■ **PROBLEM STATEMENT**: Set down all of the data exactly. Pictures stay out of the copy.

■ **DATA SECTION**:

◆ ◆ ◆ ◆

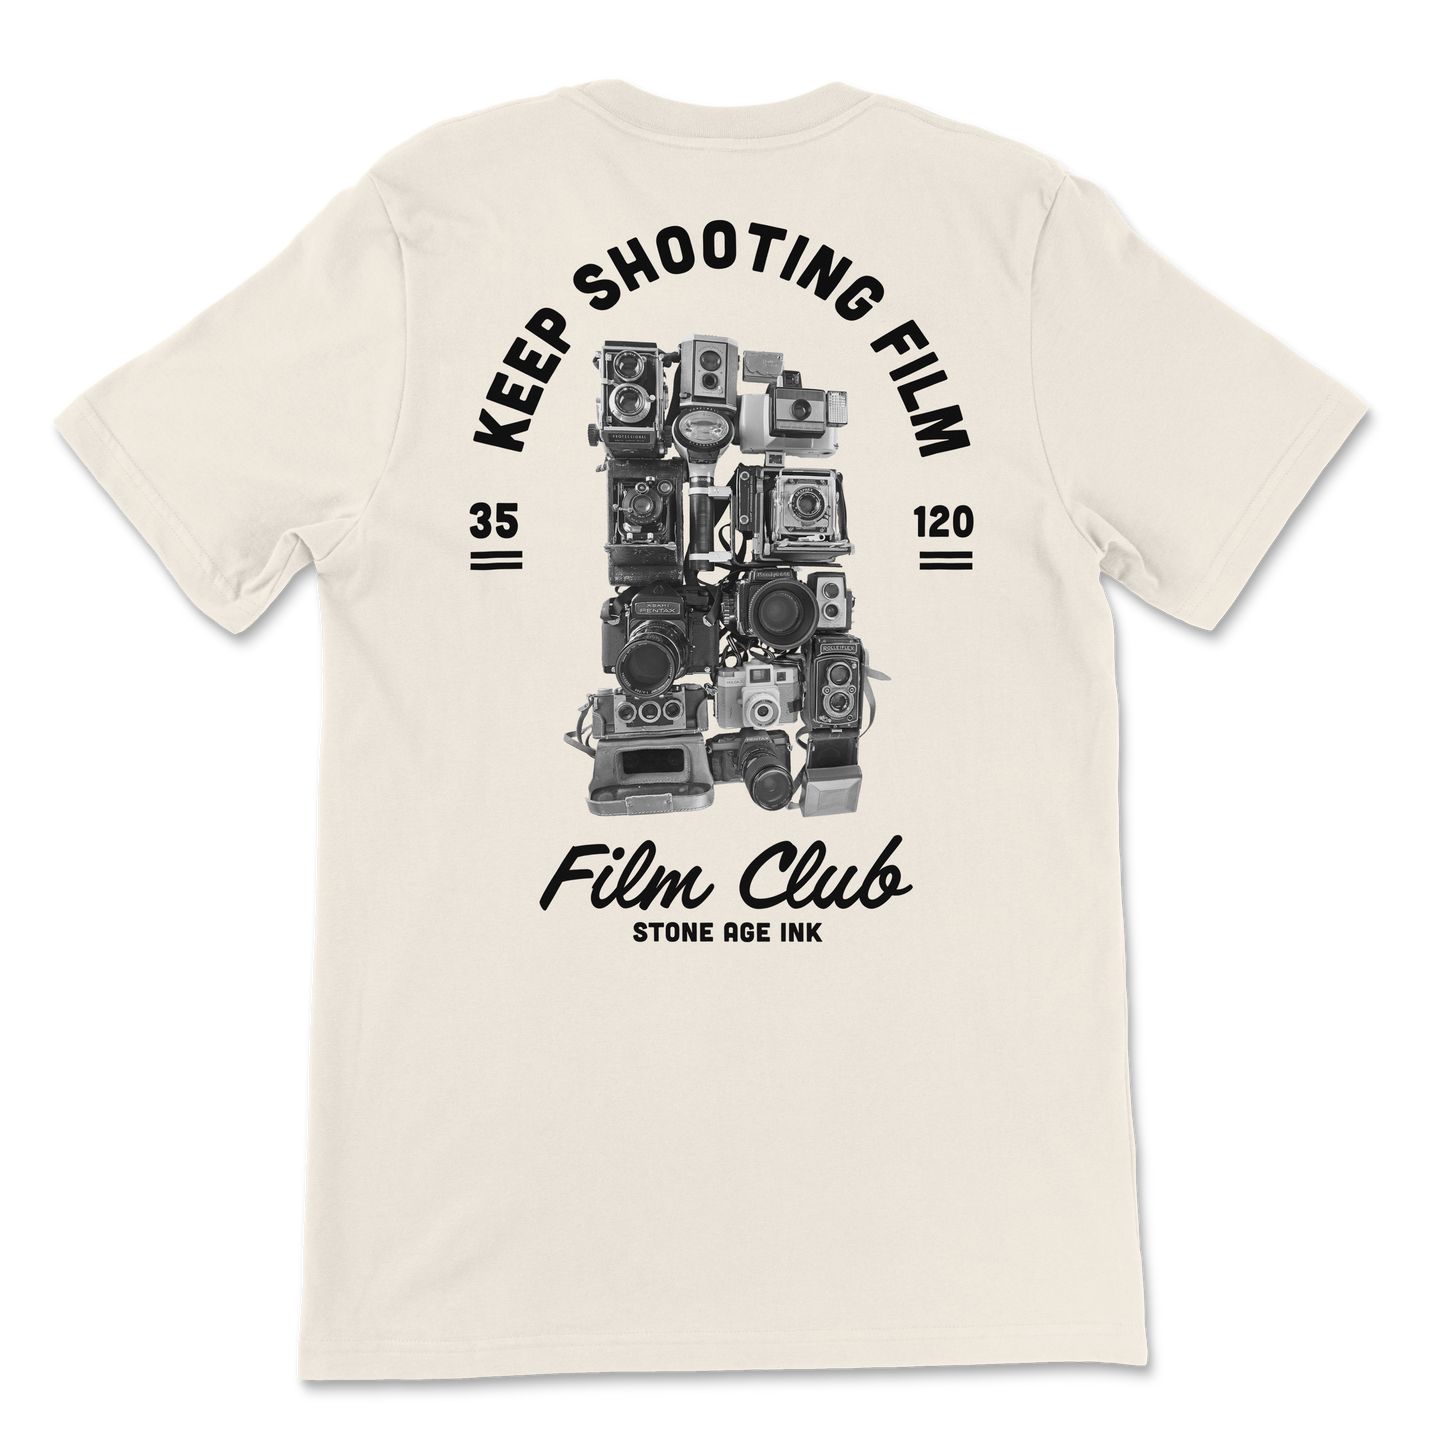 Film Club T-shirt
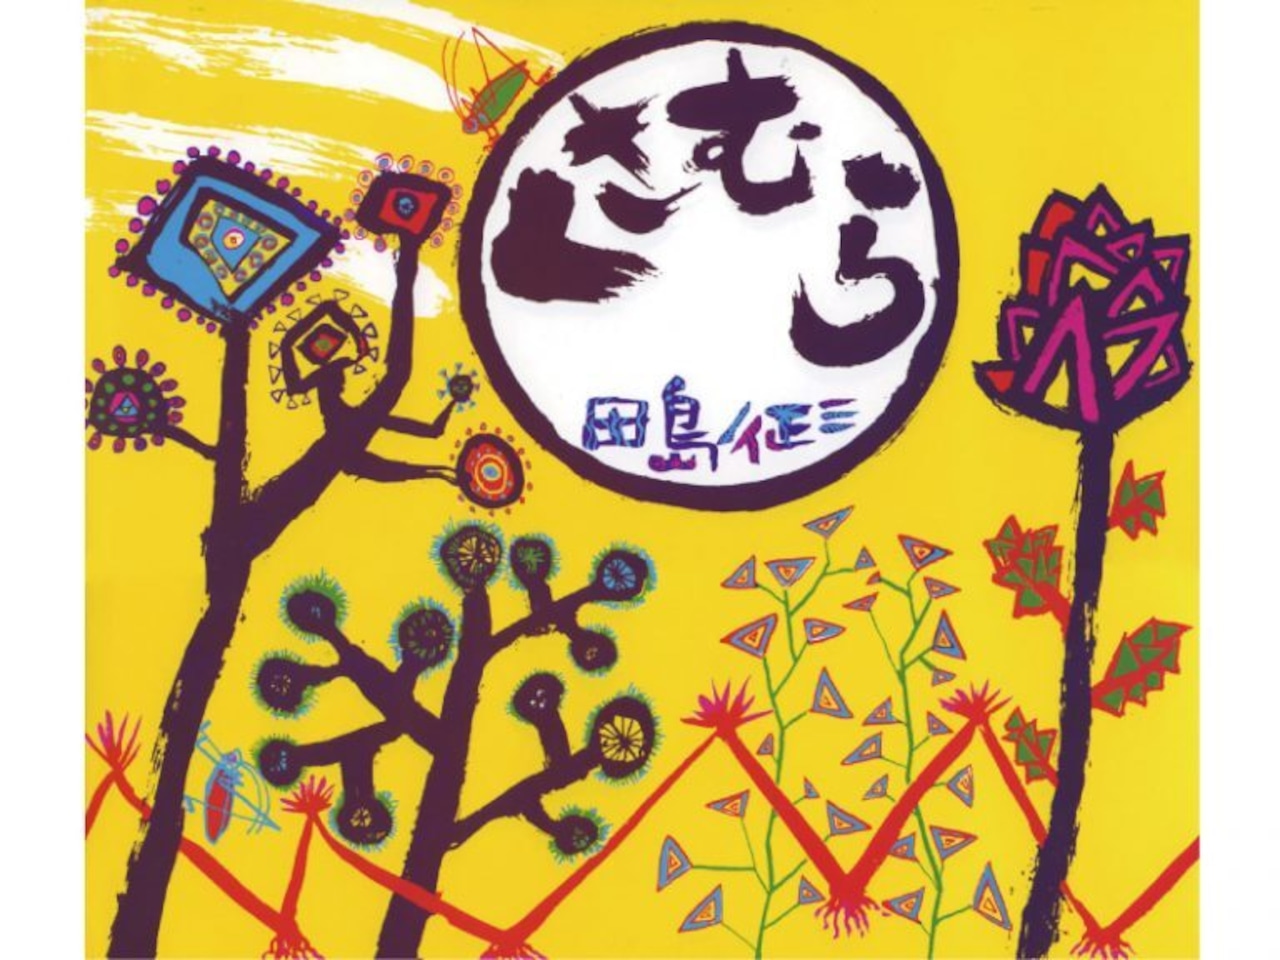 田島征三 シルクスクリーン「花と蝶」/ Tashima Seizo Screen painting ( Flower and Butterfly)
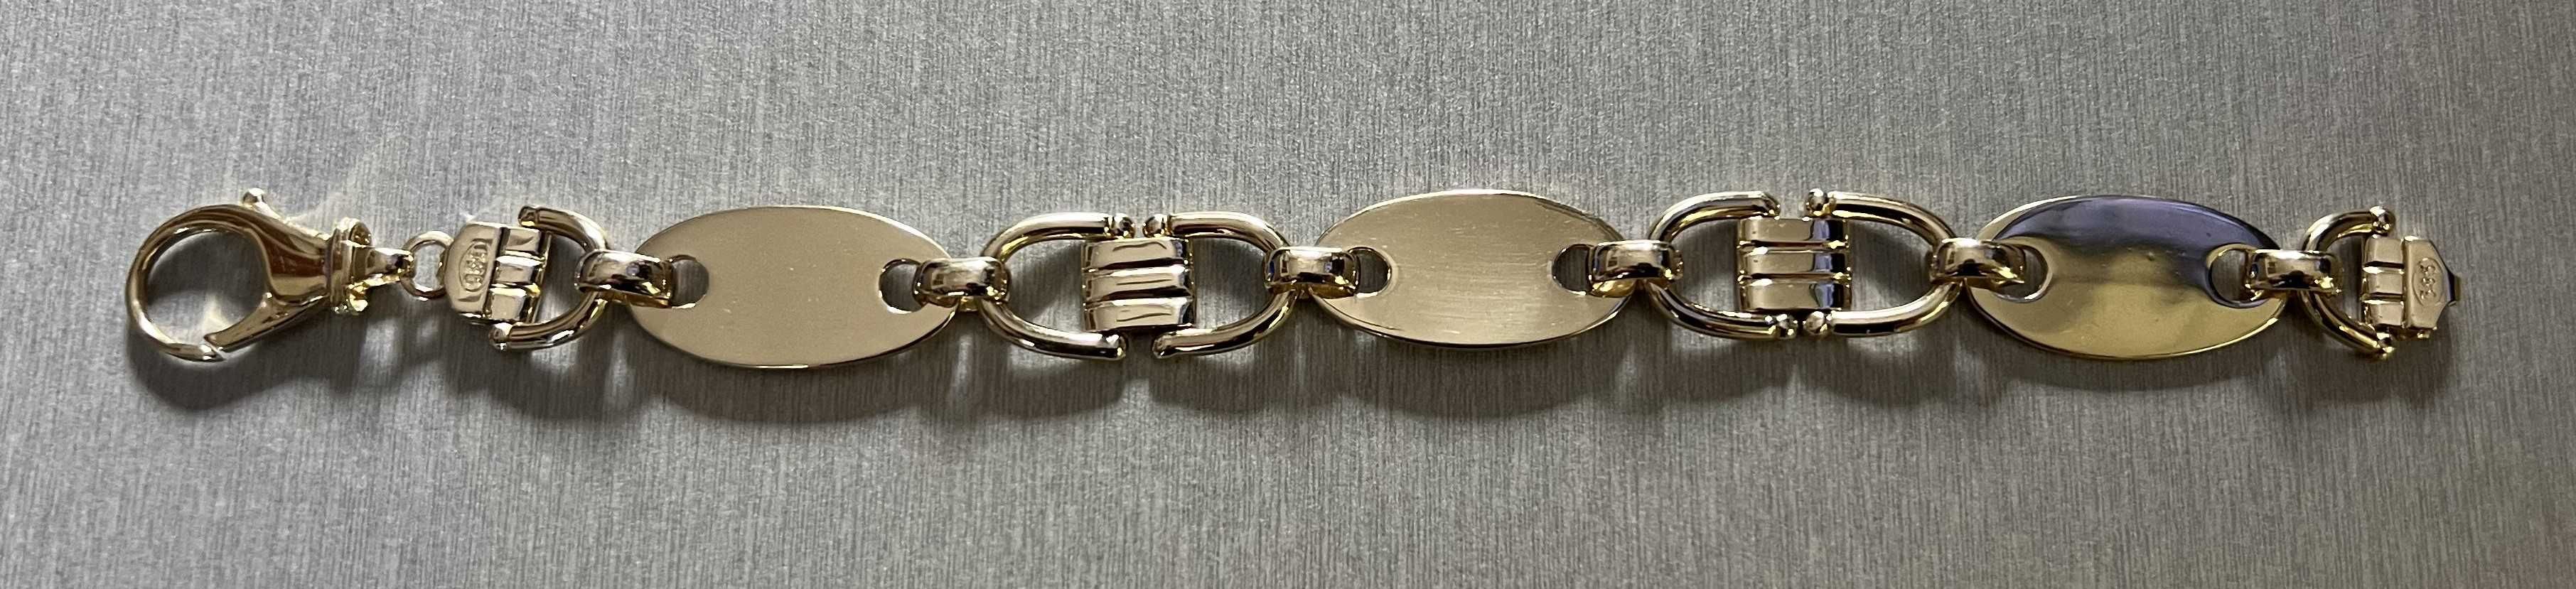 Cartier-złoto 585 zestaw-215zł/gram.

◆ ◆ ◆ ◆

■ **YOUR SOLUTION**:
 Film Club T-shirt
 田島征三 シルクスクリーン「花と蝶」/ Tashima Seizo Screen painting ( Flower and Butterfly)
 Cartier-złoto 585 zestaw-215zł/gram.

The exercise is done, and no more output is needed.